#### About this task:
Without any pictures, print the lines below from the one that has "Mann auf Sofa vor Fernseher und Cinebar" through the one that has "宜蘭縣壯圍鄉公所去年推出彩繪稻田,稻田裡長出貓熊,今年則是企鵝家族。本報...", exactly and nothing else.

#### Extracted entries:
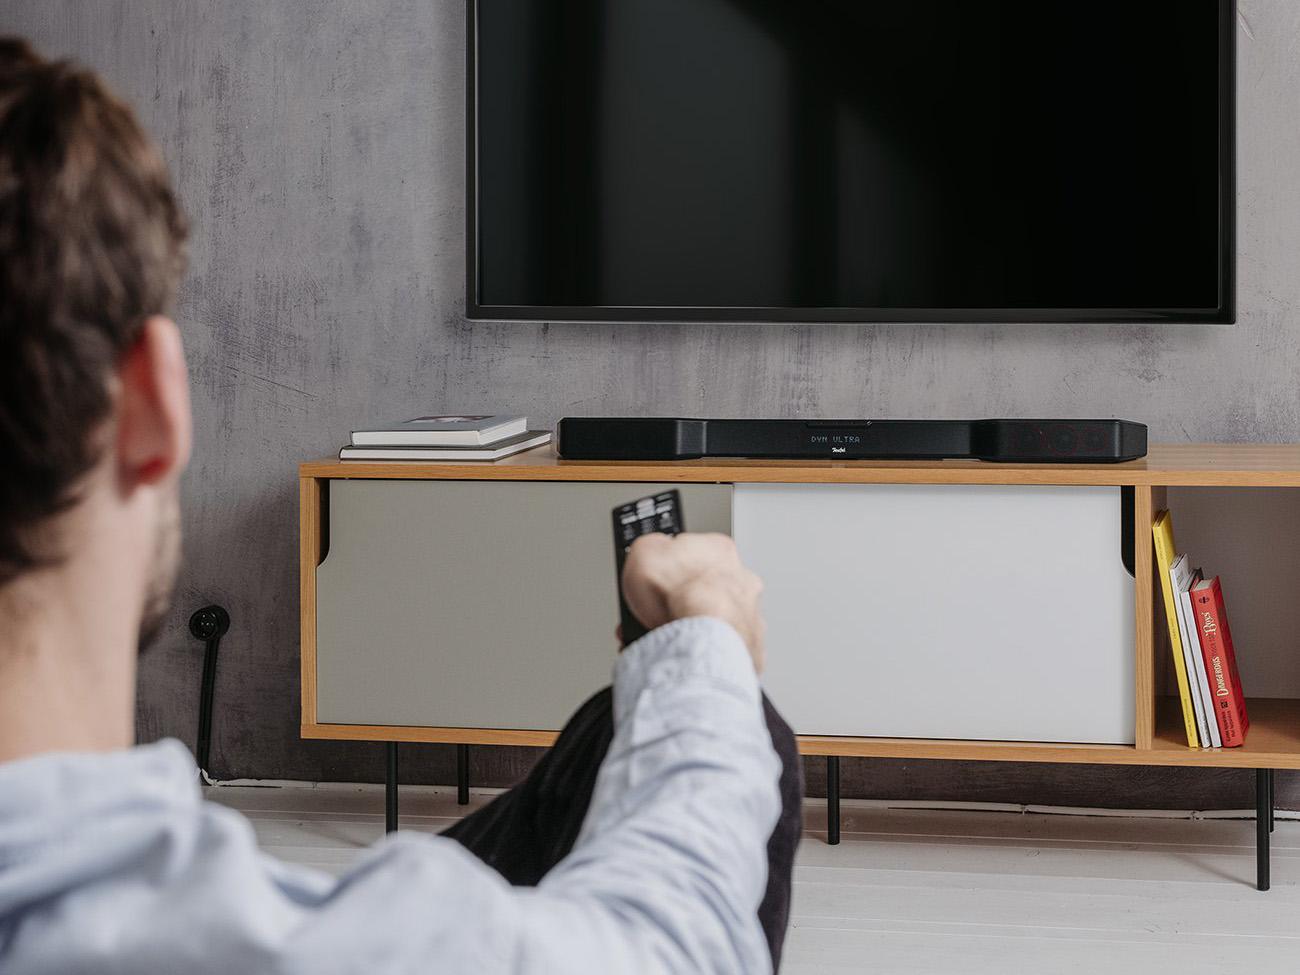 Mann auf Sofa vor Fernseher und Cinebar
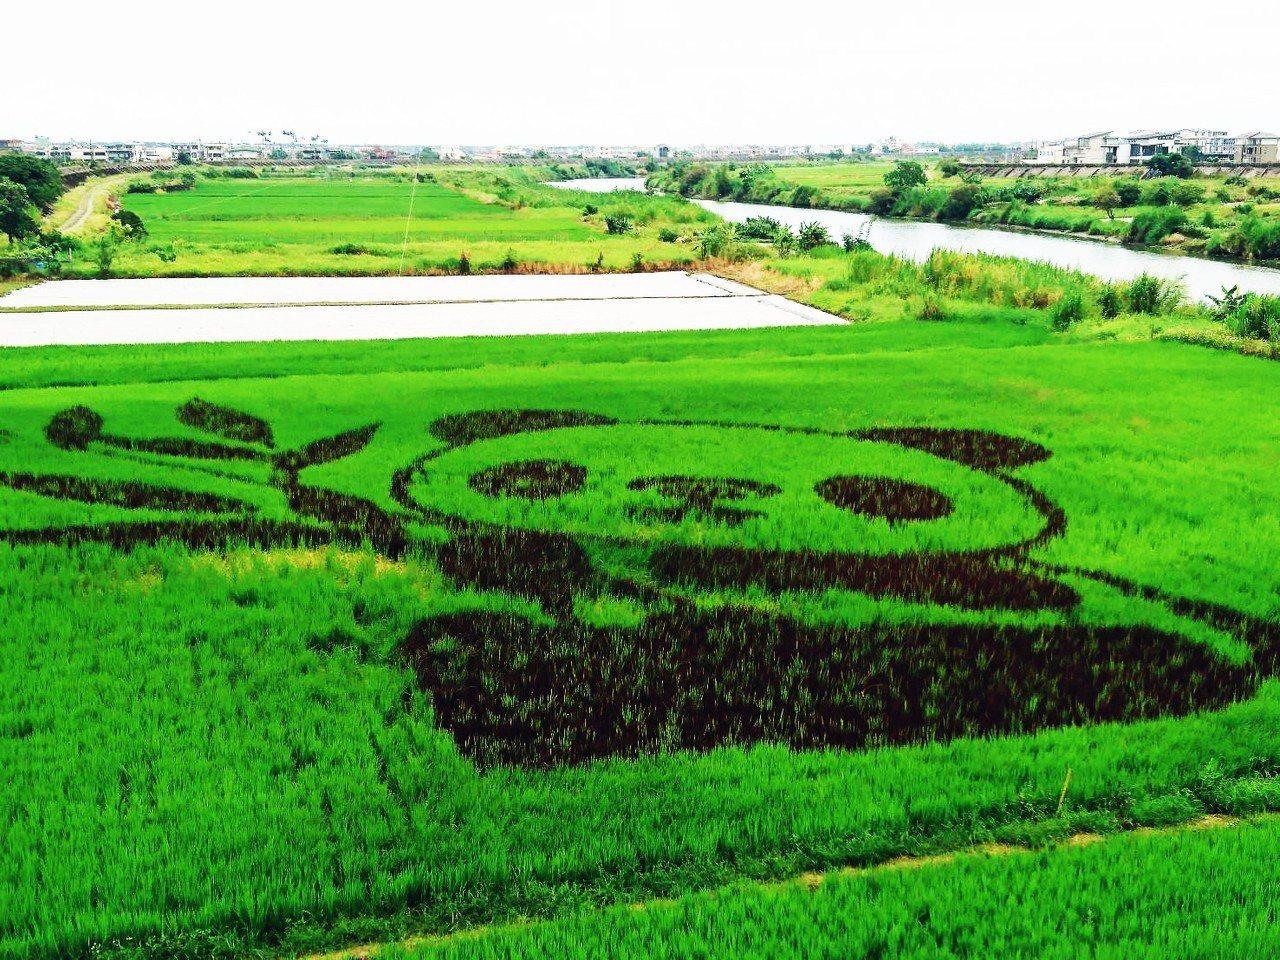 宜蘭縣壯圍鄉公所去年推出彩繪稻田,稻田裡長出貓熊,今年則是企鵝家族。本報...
* * *
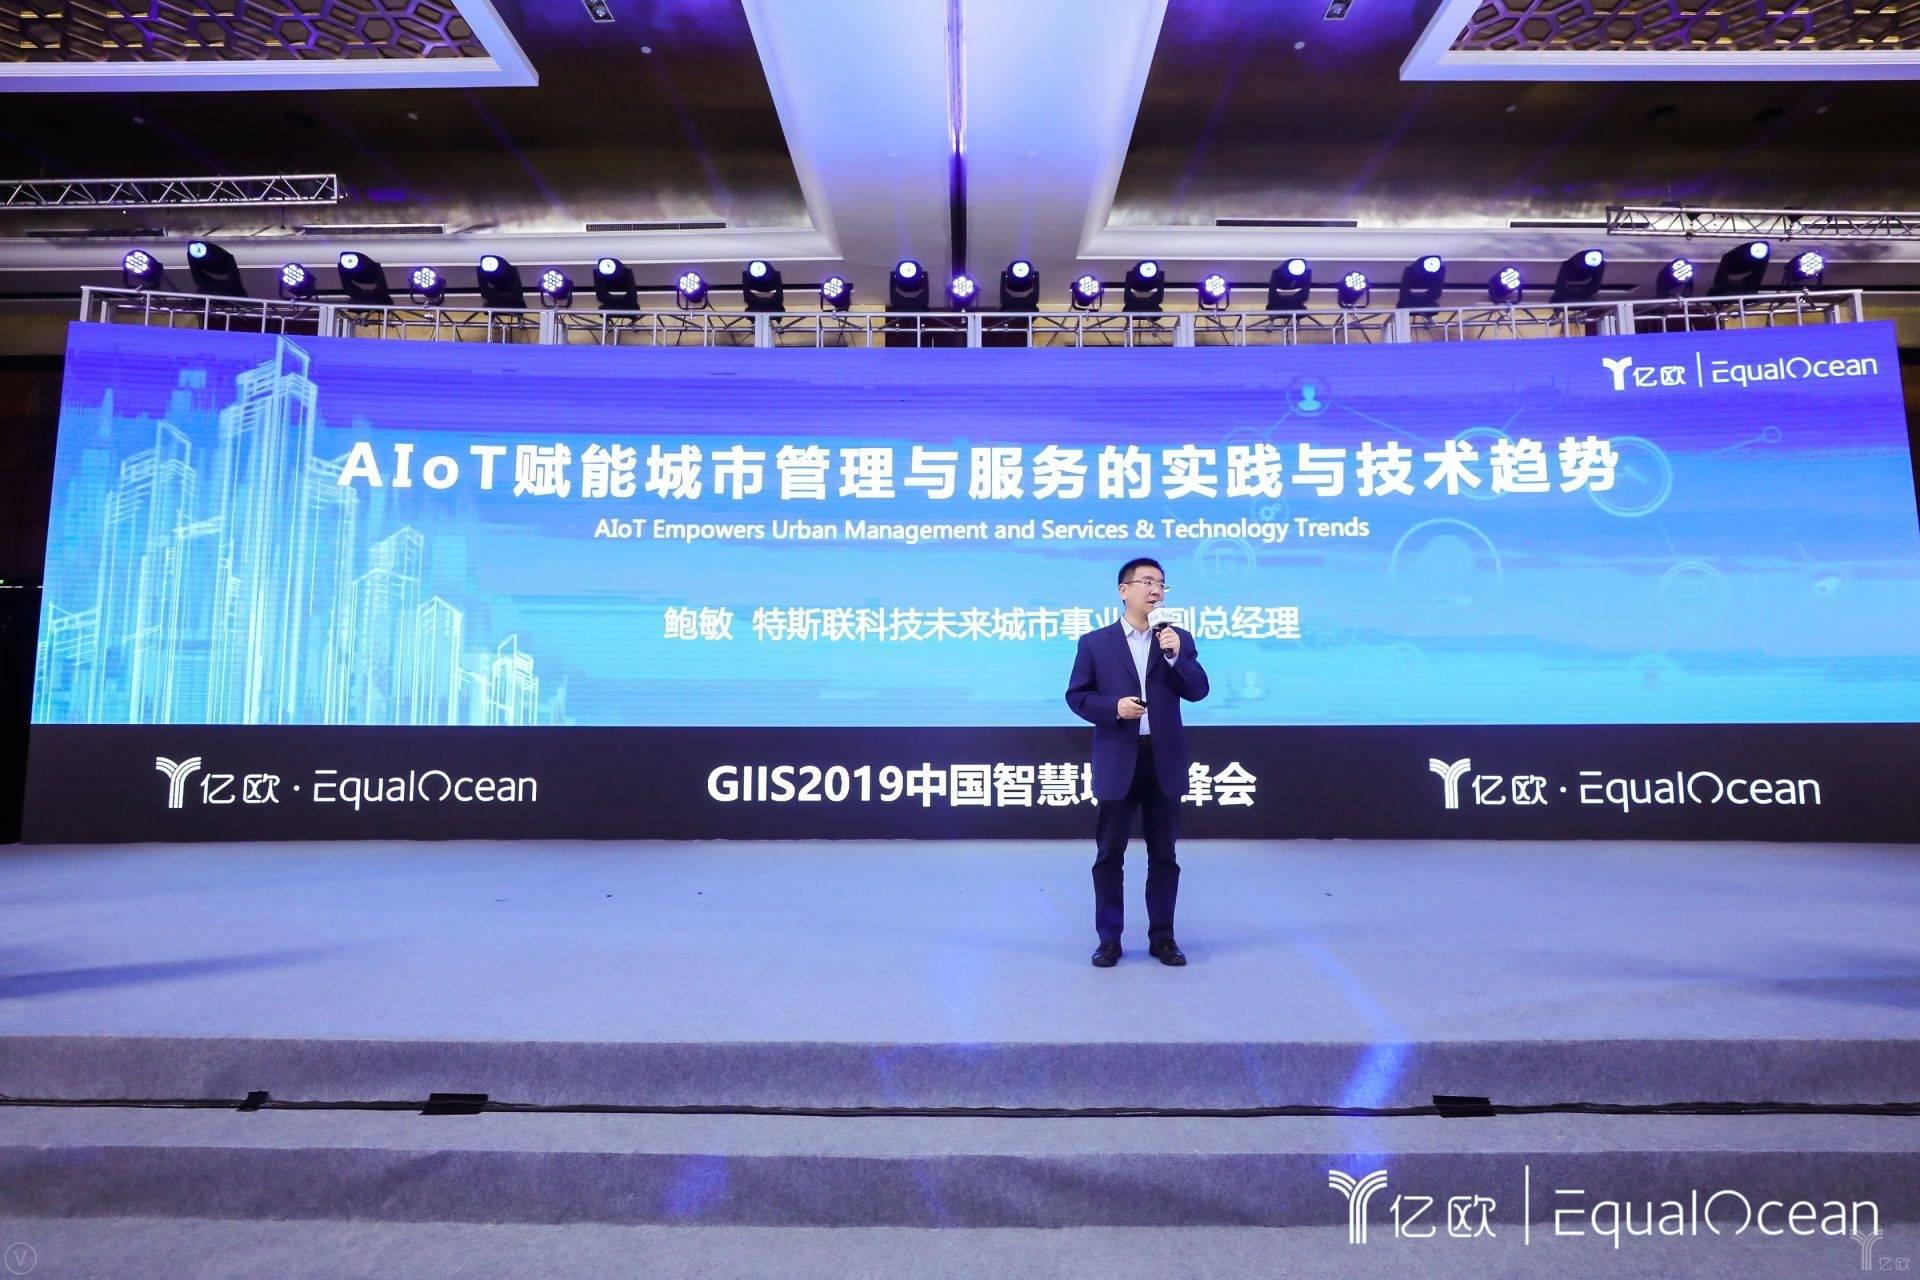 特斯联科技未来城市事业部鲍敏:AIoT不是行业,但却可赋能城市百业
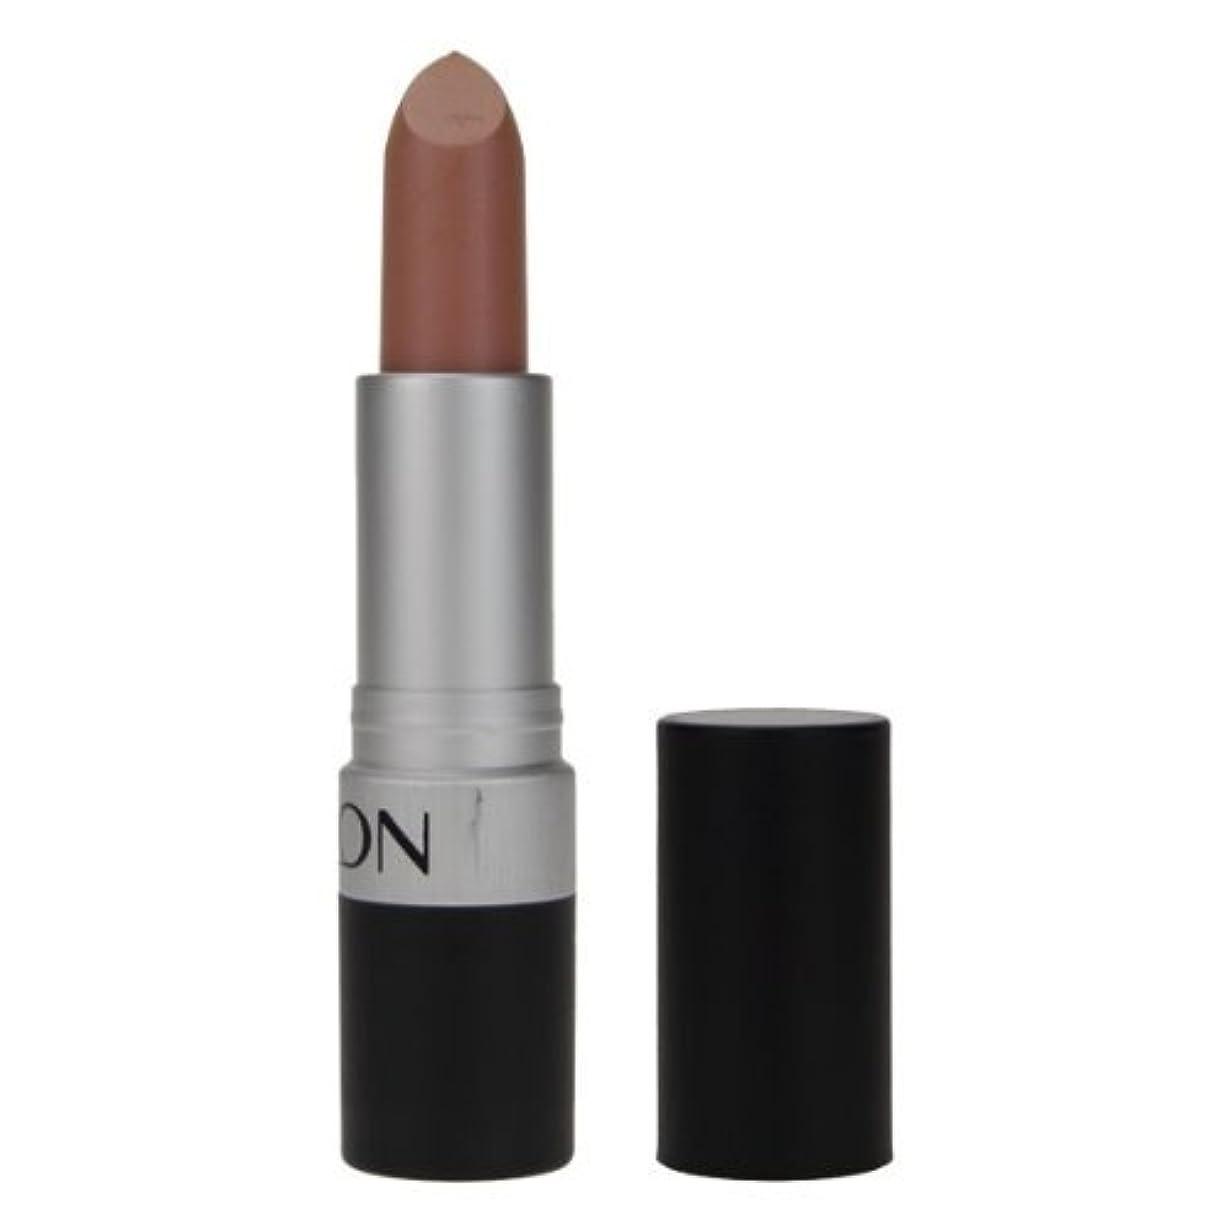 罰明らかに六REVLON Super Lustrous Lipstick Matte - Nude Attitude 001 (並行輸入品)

#### Answer for this exercise:
 Mann auf Sofa vor Fernseher und Cinebar
 宜蘭縣壯圍鄉公所去年推出彩繪稻田,稻田裡長出貓熊,今年則是企鵝家族。本報...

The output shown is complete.